CRN's 10 Priority Initiatives for 2020


  1. Support Legislation to Establish a Mandatory Dietary Supplement Listing:
    Work with Members of Congress, FDA, like-minded industry organizations and other stakeholders/allies to develop and promote legislation that creates a mandatory product listing at FDA for all dietary supplements in the U.S. market.
  2. Create a Legal Pathway for CBD in Dietary Supplements:  Work with Members of Congress, FDA, like-minded industry organizations and other stakeholders/allies to establish a lawful pathway to market for CBD and other non-THC cannabinoids as dietary supplements; persuade FDA to enforce its existing regulatory framework for dietary supplements with respect to CBD products marketed as such.
  3. Promote Expansion of the Supplement OWL:
    Renew industry awareness and interest in the Supplement OWL registry and expand participation in, and use of, the voluntary product registry. Working with retailers and industry, explore interest in creating the Commercial Data Exchange (CDX) as an extension of the Supplement OWL to provide a marketplace tool to promote informed transactions between retailers and product marketers.
  4. Streamline Certificates of Free Sale for Exports:
    Improve the process for obtaining Certificates of Free Sale for exportation of products, which may entail collaborating with FDA to update its own Certificate of Free Sale procedures and work flow, or creating a new CRN-administered Certificate of Free Sale program with possible revenue opportunity for CRN.
  5. Promote Policies that Protect the Growing Probiotics Sector:
    Extend CRN’s leadership on probiotics by developing and promoting best practices in the development, manufacturing, labeling and marketing of probiotics; protecting the industry from unnecessary or restrictive regulation and trade barriers for these products; addressing negative media; and working with FDA to develop federal guidance unique to products containing probiotics.
  6. Target Tainted Products:
    Combat products tainted with illegal drug ingredients—whether through intentional adulteration or poor attention to product quality—by defending mainstream industry, supporting legislation to restrict SARMs, providing consumers with advice for avoiding illegal products, and educating stakeholders about the problem and industry efforts to curb it.
  7. Influence Development of Dietary Guidelines 2020:
    Advocate for the inclusion of dietary supplements in the recommendations of the 2020 Dietary Guidelines for Americans and the public communications resulting from the Dietary Guidelines Advisory Committee’s scientific report; work to assure that the Dietary Guidelines acknowledge the substantial role that dietary supplements can play to fill critical nutrient gaps.

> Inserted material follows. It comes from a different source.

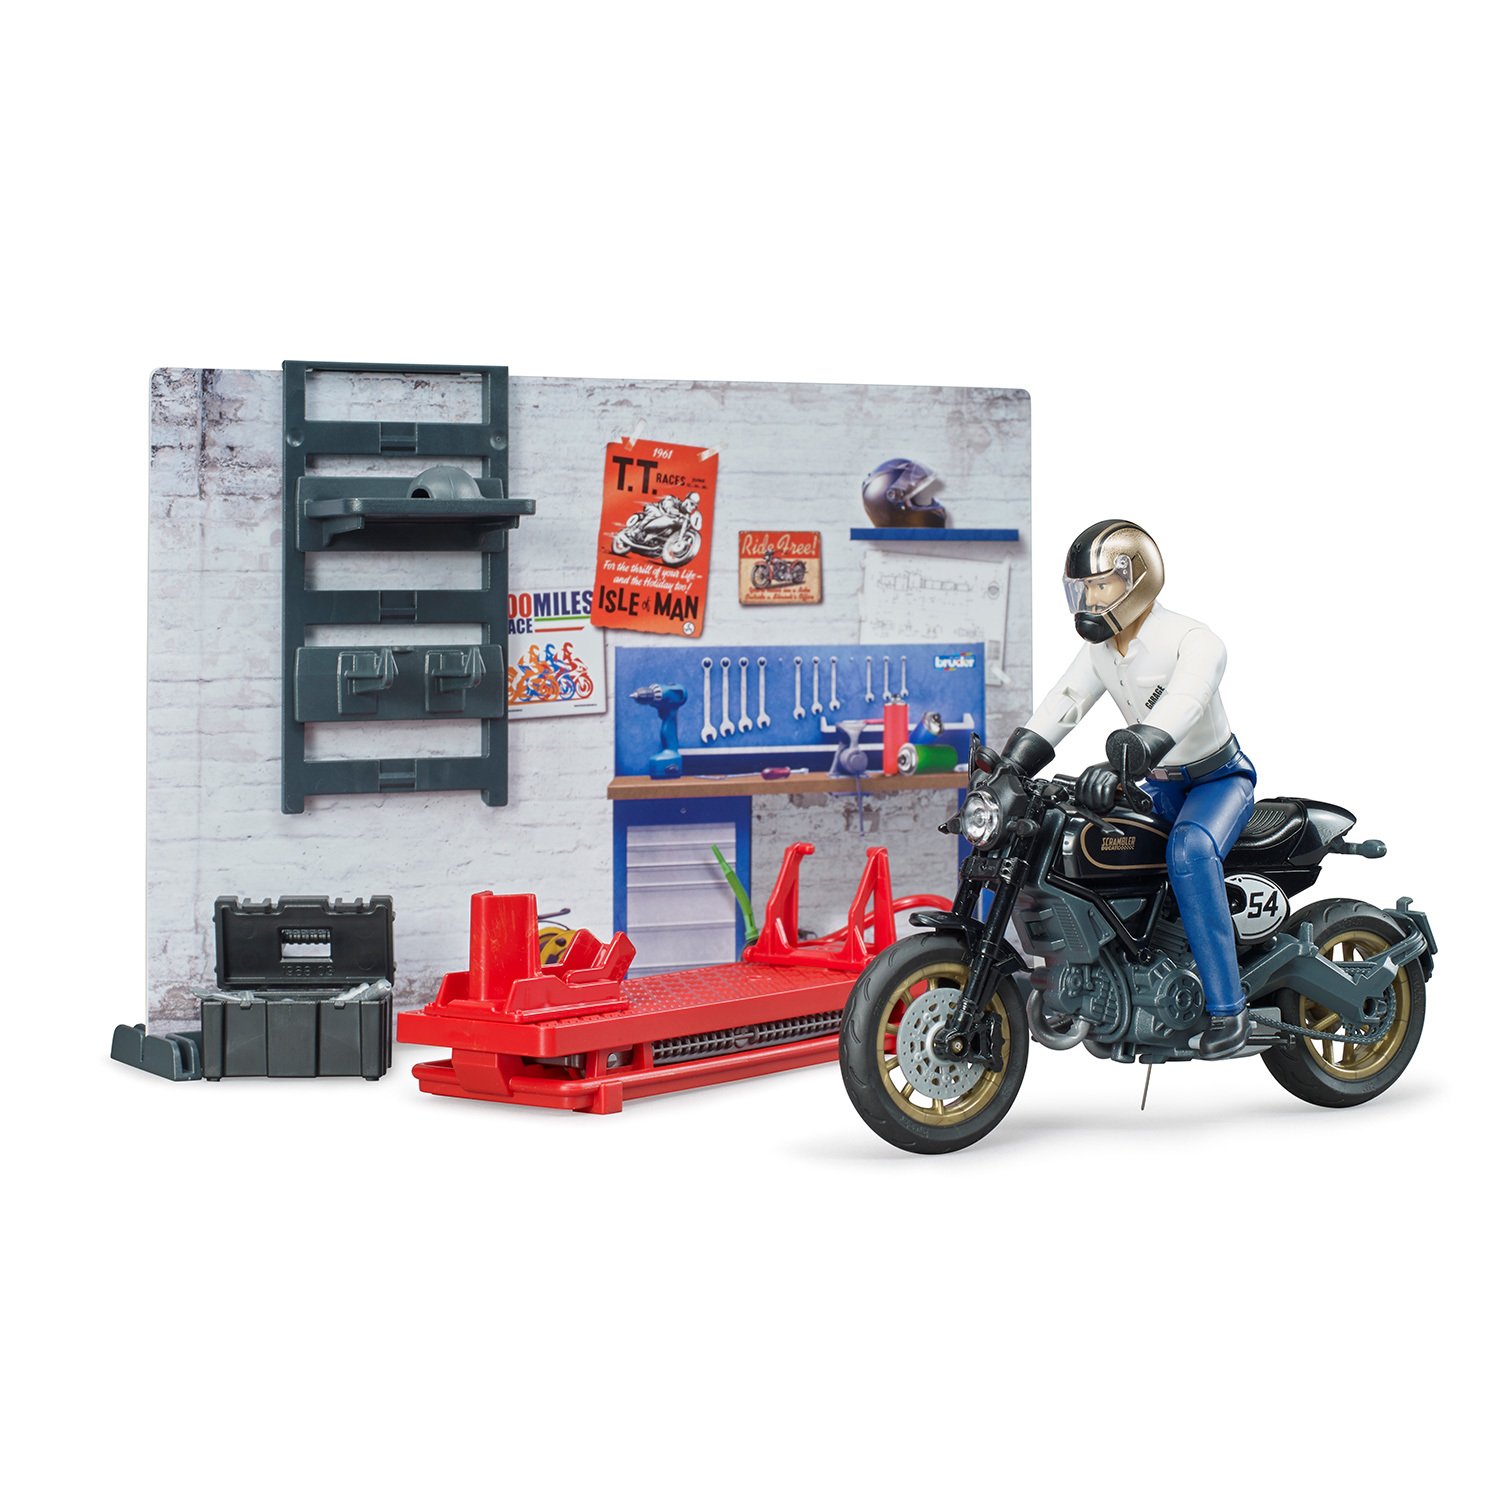 Ремонтный набор для мотоцикла с механиком и декорациями  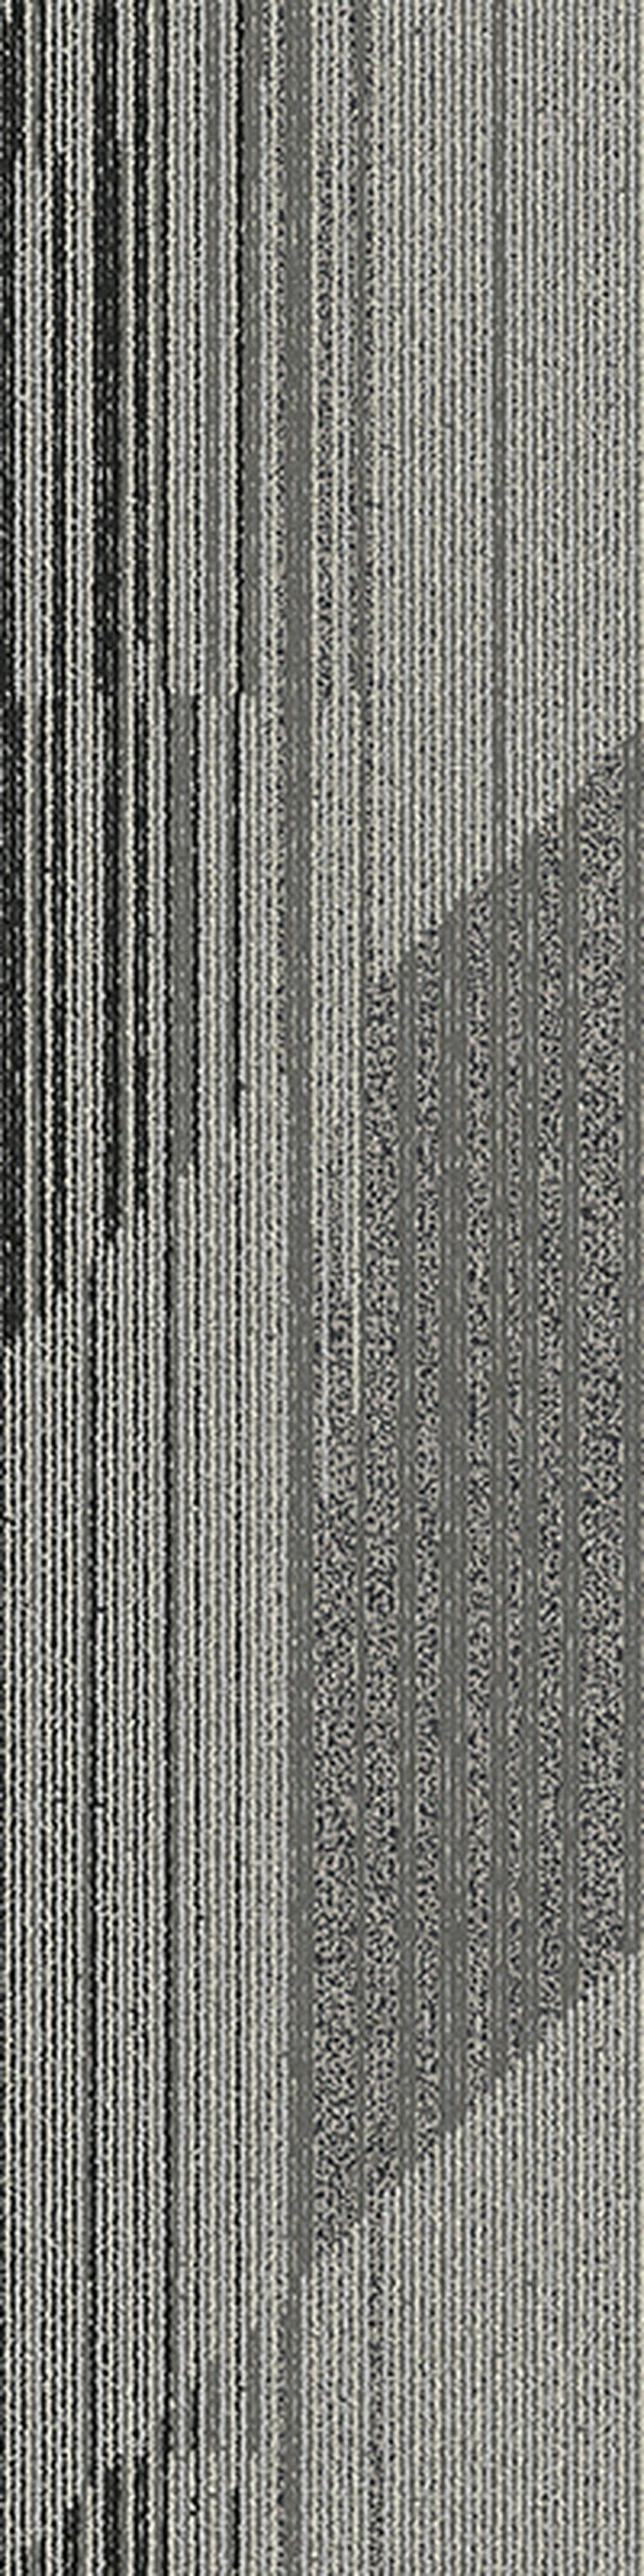 Gestreifte 'Laminat' Teppichfliesen. Bodenbelag in Grau und Braun - Teppiche - Bild 4

  8. Urge FDA to Create Incentives for Innovation in Supplement Research:
    Working with our members, develop a detailed framework for how FDA could implement Master Files for safety data submitted in connection with NDI notifications and urge for clarification of the agency’s views in a final NDI guidance.

  9. Champion Harmonized Third Party GMP Requirements Among Retailers, Certifiers and Others:
    Promote harmonization of third party audit standards for GMP certification to foster uniformity of audit standards and efficiencies for manufacturers and retailers.
  10. Elevate CRN Communications to Members: 
    Develop and implement new tools to better communicate with CRN membership, including regular announcements of events impacting the industry and CRN efforts on behalf of members (e.g., The Daily Supplement, more video, improvements to committee communications), and industry education opportunities (e.g., Executive Engagements, Retailer Engagements, member-only webinars, etc.)